Private Challenges To Reverse Payment Settlement Allowed To Go Forward

In stark contrast to recent decisions by other circuits, the Third Circuit holds that patent law does not insulate patent settlements from antitrust scrutiny.

On July 16, the U.S. Court of Appeals for the Third Circuit reversed a lower court's dismissal of a private antitrust challenge to a patent settlement agreement between Schering-Plough Corporation (Schering) and two generic competitors. In re K-Dur Antitrust Litig., Nos. 10-2077, 10-2078, 10-2079, 10-4571 (3d Cir. July 16, 2012), available here. The decision, while premised on a private suit, comes on the heelsof a series of defeats for the Federal Trade Commission (FTC) involving challenges to so-called "reverse payment settlements" or "pay-for-delay settlements" in the pharmaceutical industry. The Third Circuit rejected the notion that the settlement should be reviewed within the "scope of the patent" and instead upheld the view championed by the FTC that "any payment from a patent holder to a generic patent challenger who agrees to delay entry into the market [i]s prima facie evidence of an unreasonable restraint of trade." K-Dur, slip op. at 33.


When a manufacturer wishes to commercialize a generic version of a product that is patent protected, it must either challenge the validity of the patent or state that its product does not infringe on the patent when making its Abbreviated New Drug Application (ANDA).

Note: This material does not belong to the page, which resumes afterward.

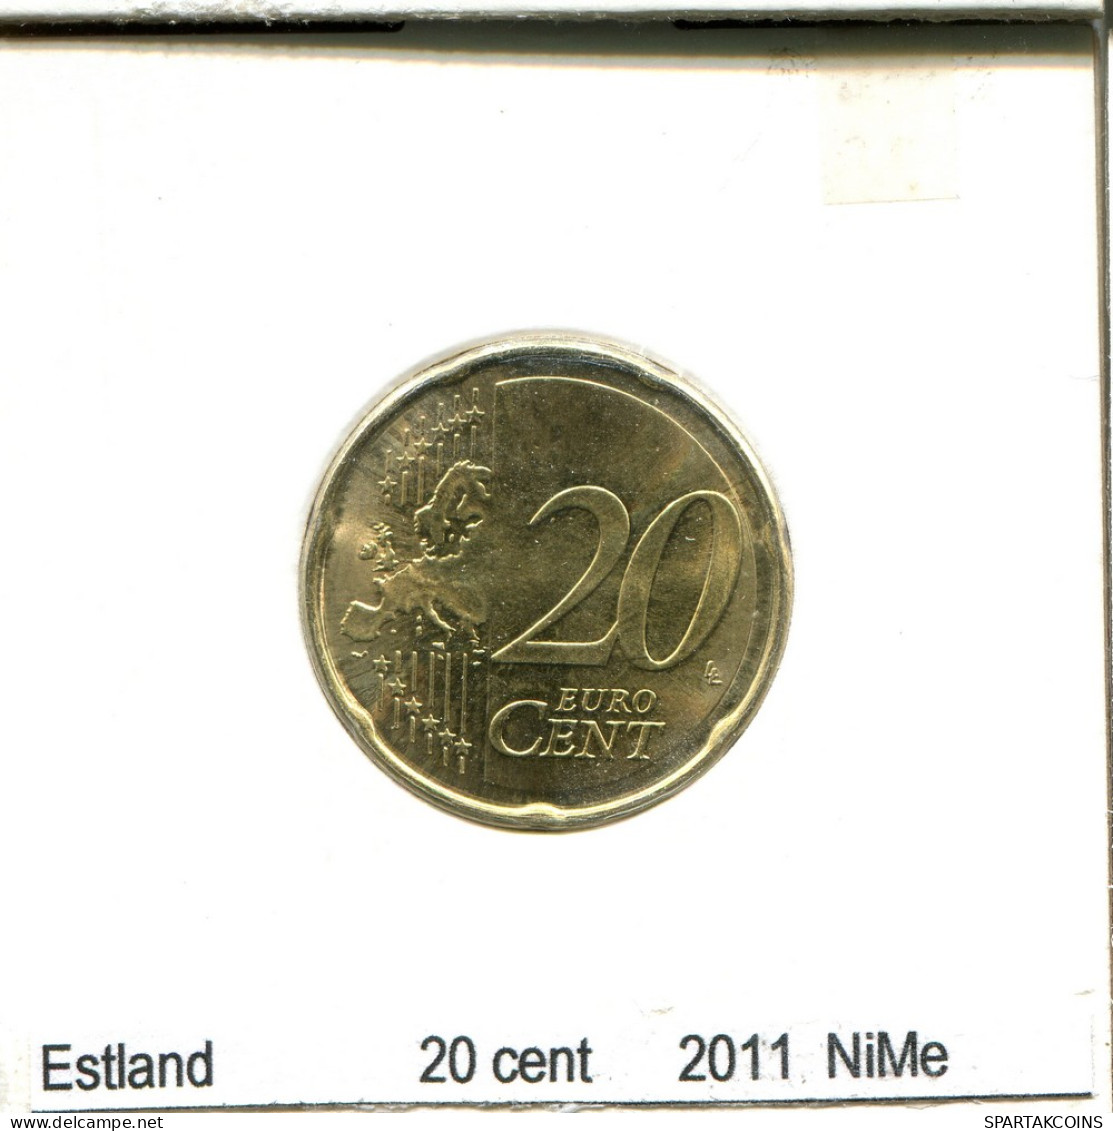 20 CENTS 2011 ESTONIA Coin #AS688.U - Estonie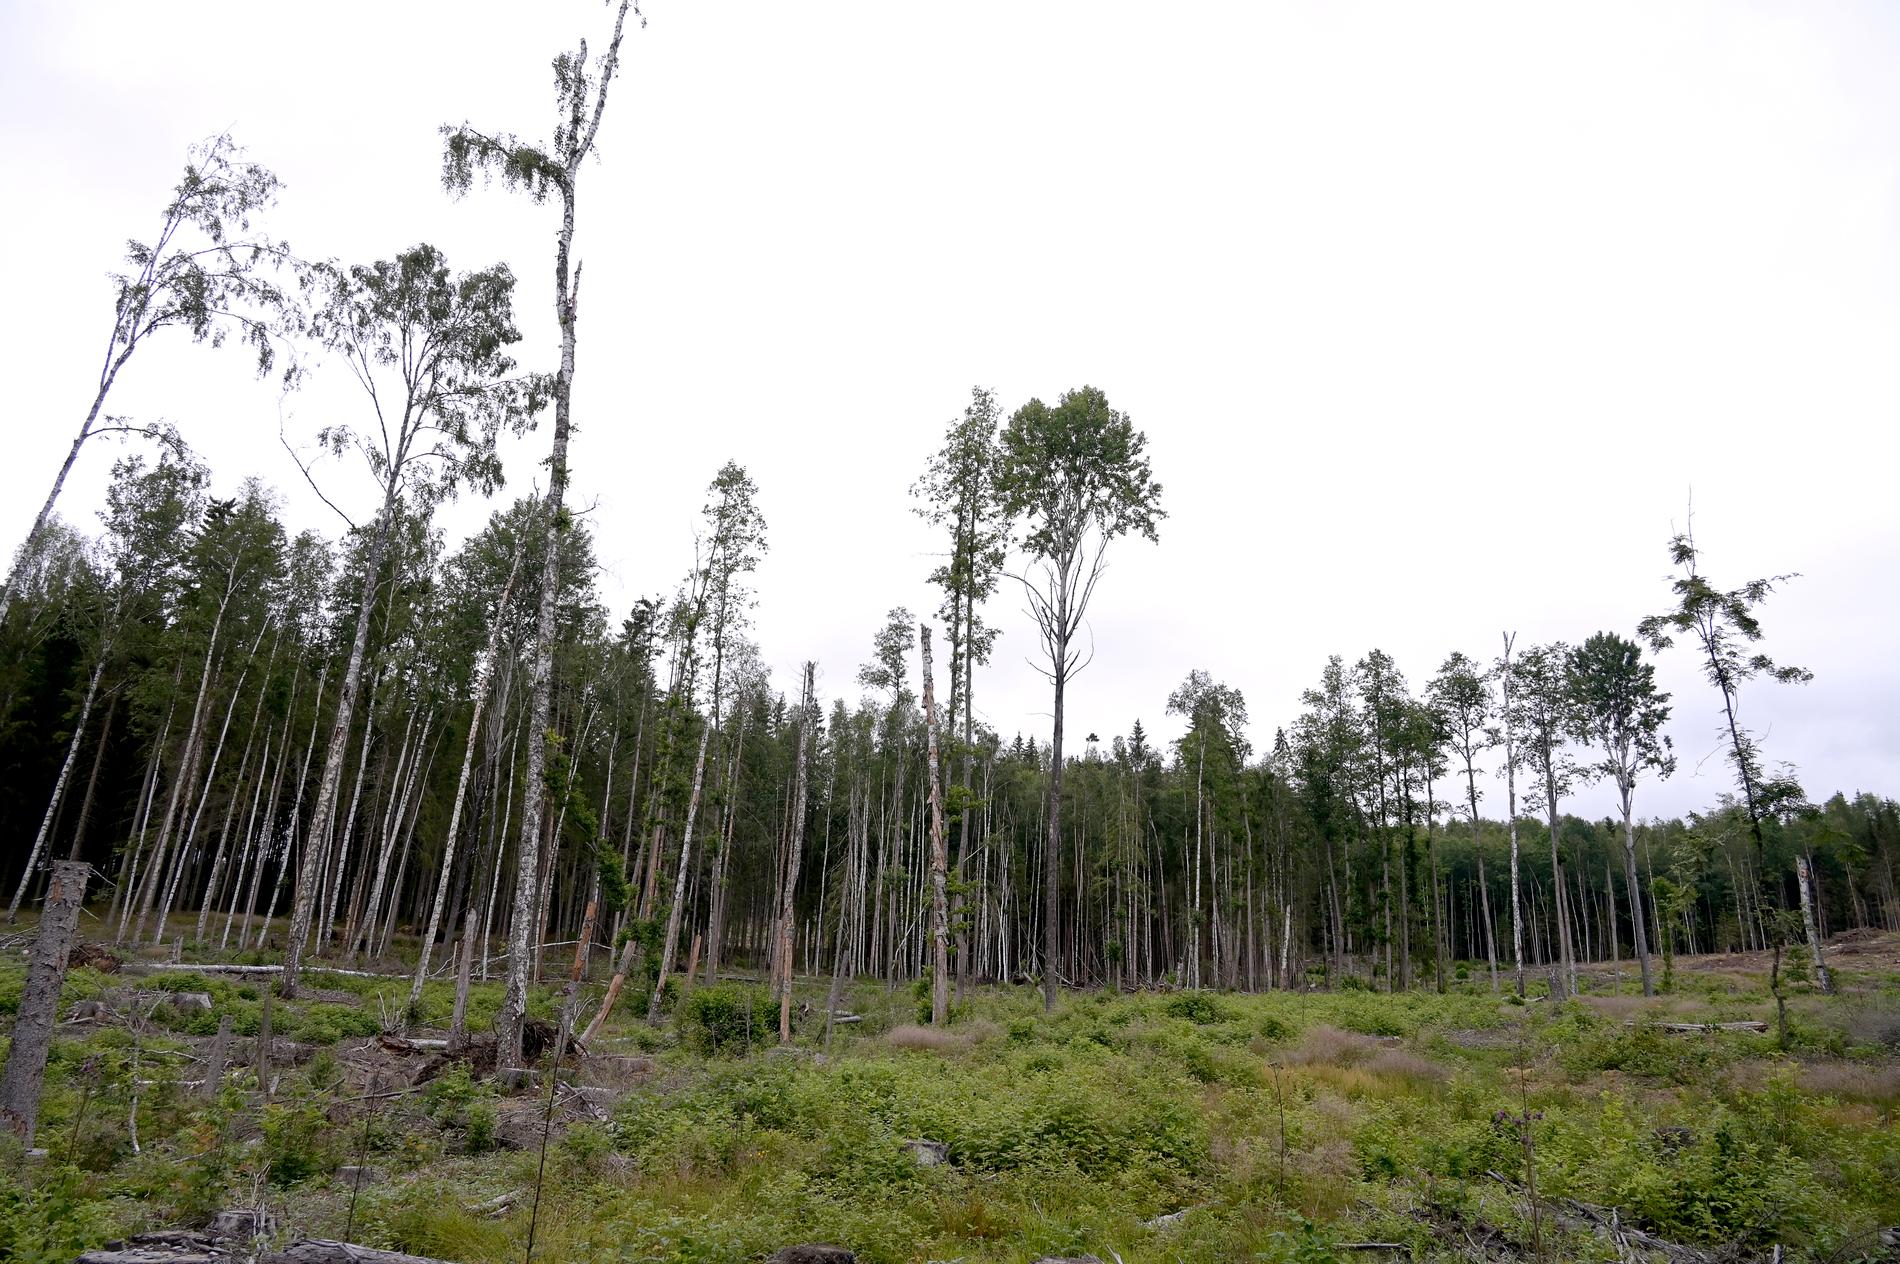 Naturvårdsverket och Skogsstyrelsen vill se en ökning av det hyggesfria skogsbruket. Arkivbild.

Under the Drug Price Competition and Patent Term Restoration Act of 1984, 35 U.S.C. § 271(e)(1), commonly known as the Hatch-Waxman Act, the innovator patent holder is notified that an ANDA has been filed and has 45 days to file a patent infringement suit, which delays the ANDA's approval for 30 months or until the first generic competitor wins its suit. Patent litigation between innovator pharmaceutical manufacturers and potential generic competitors is frequently resolved by settlements in which generic competitors receive licenses to sell their products before the applicable patents expire, but not immediately. The settlements allow the parties to end costly litigation and ensure entry of the generic drug at a certain date, which would not happen prior to the patent expiry if the innovator won the case.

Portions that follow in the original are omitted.